▶ _Dataset content_:
= = = = = = =

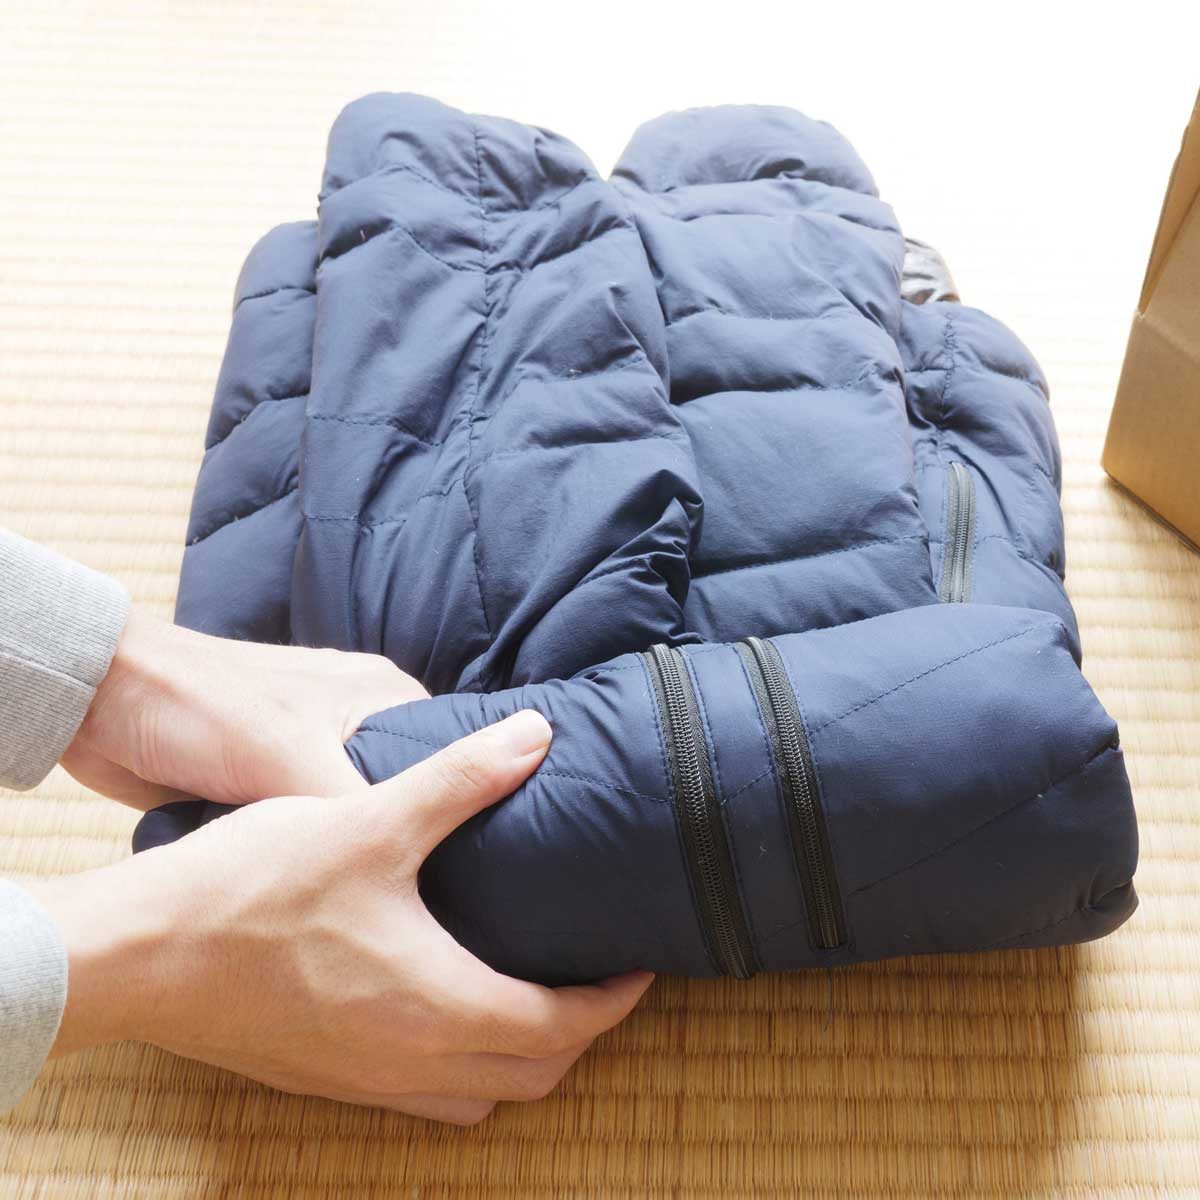 How To Wash A Down Garment - Puffa Jacket / Sleeping Bag etc.
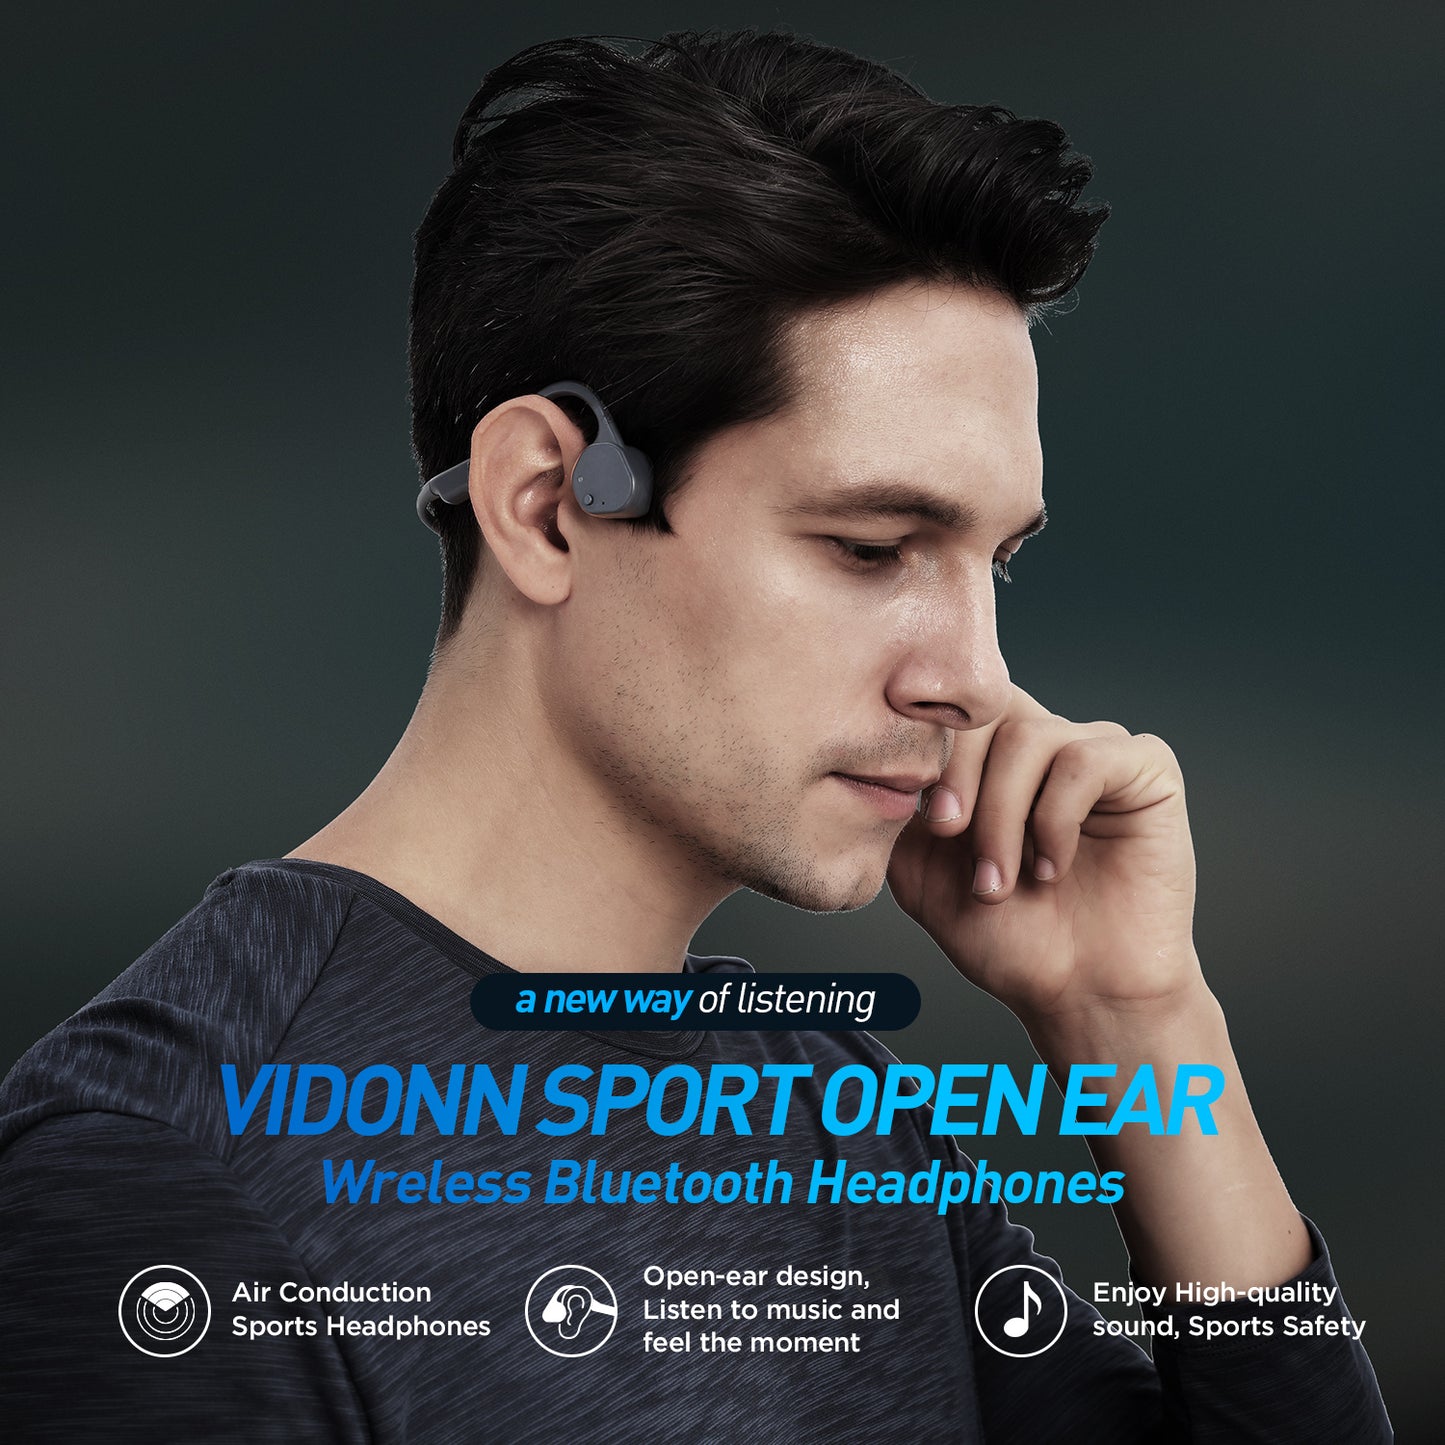 Vidonn sport Open ear wireless bluetooth headphones
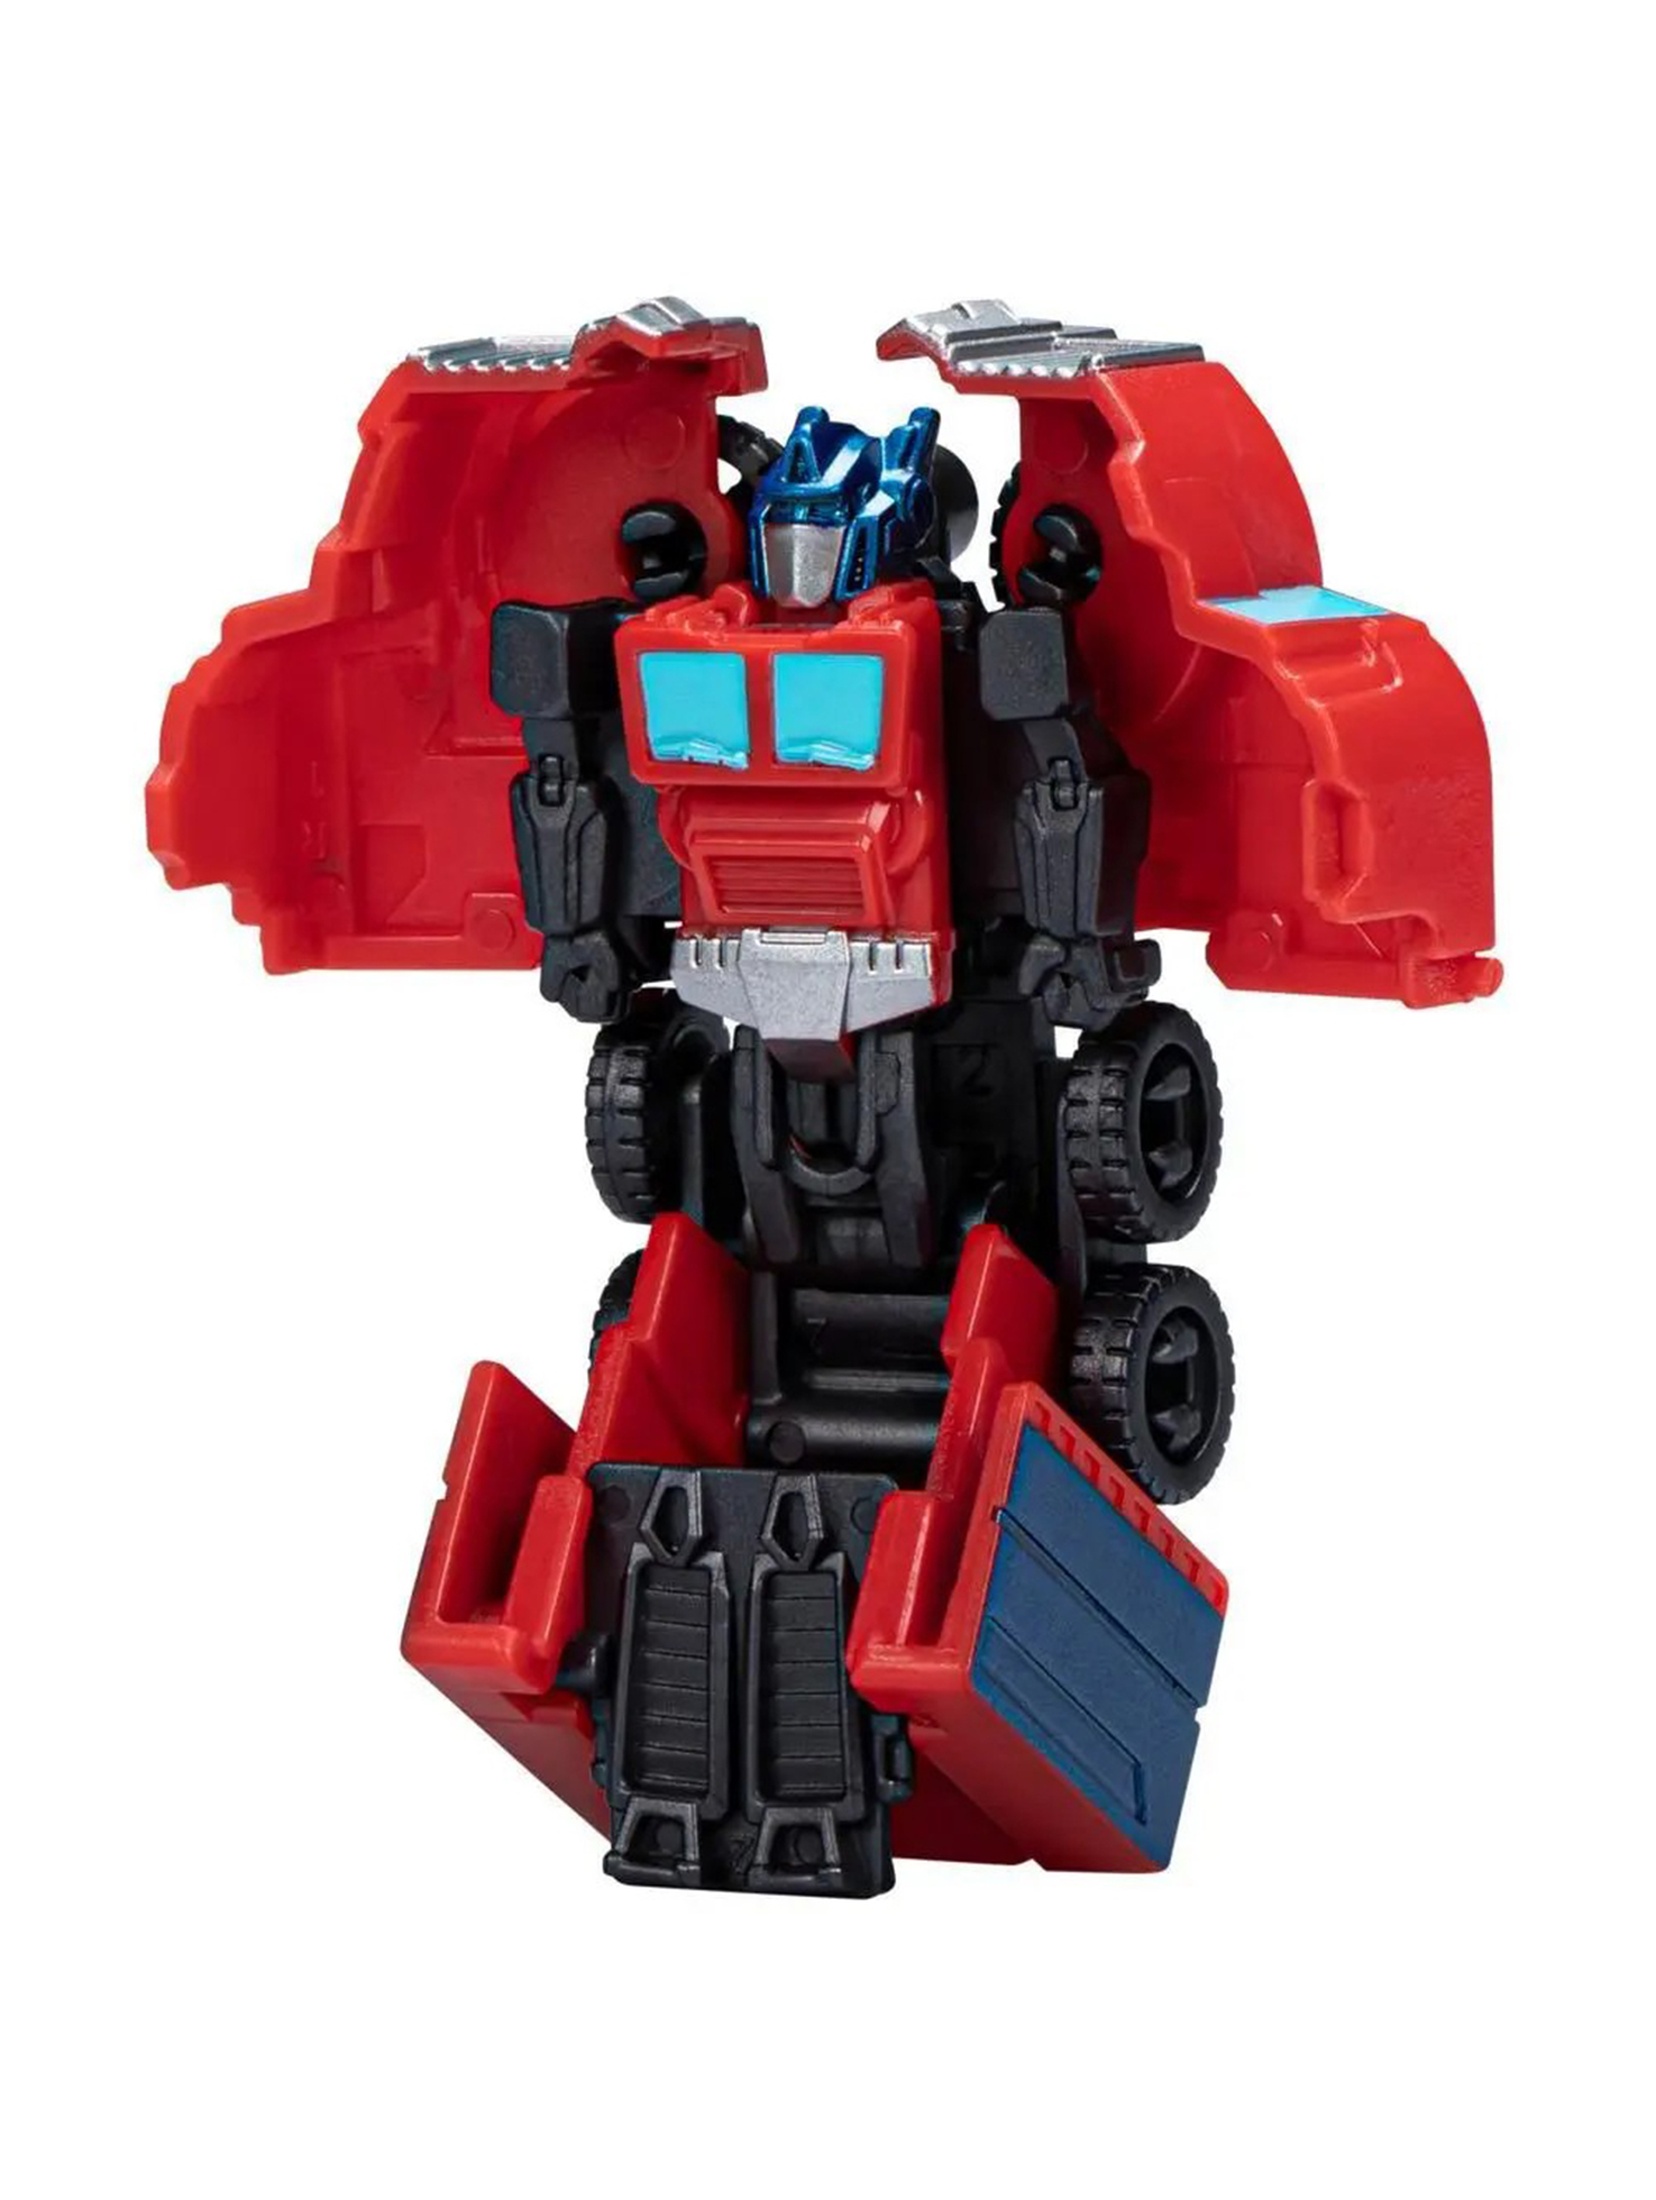 Hasbro Figurka Transformers Earthspark Optimus Prime

= = = = = = =

▶ _What to work on_: Drop the images, then copy the data exactly.

▶ _Solution for this task_:
 How To Wash A Down Garment - Puffa Jacket / Sleeping Bag etc.
 Vidonn sport Open ear wireless bluetooth headphones
 Hasbro Figurka Transformers Earthspark Optimus Prime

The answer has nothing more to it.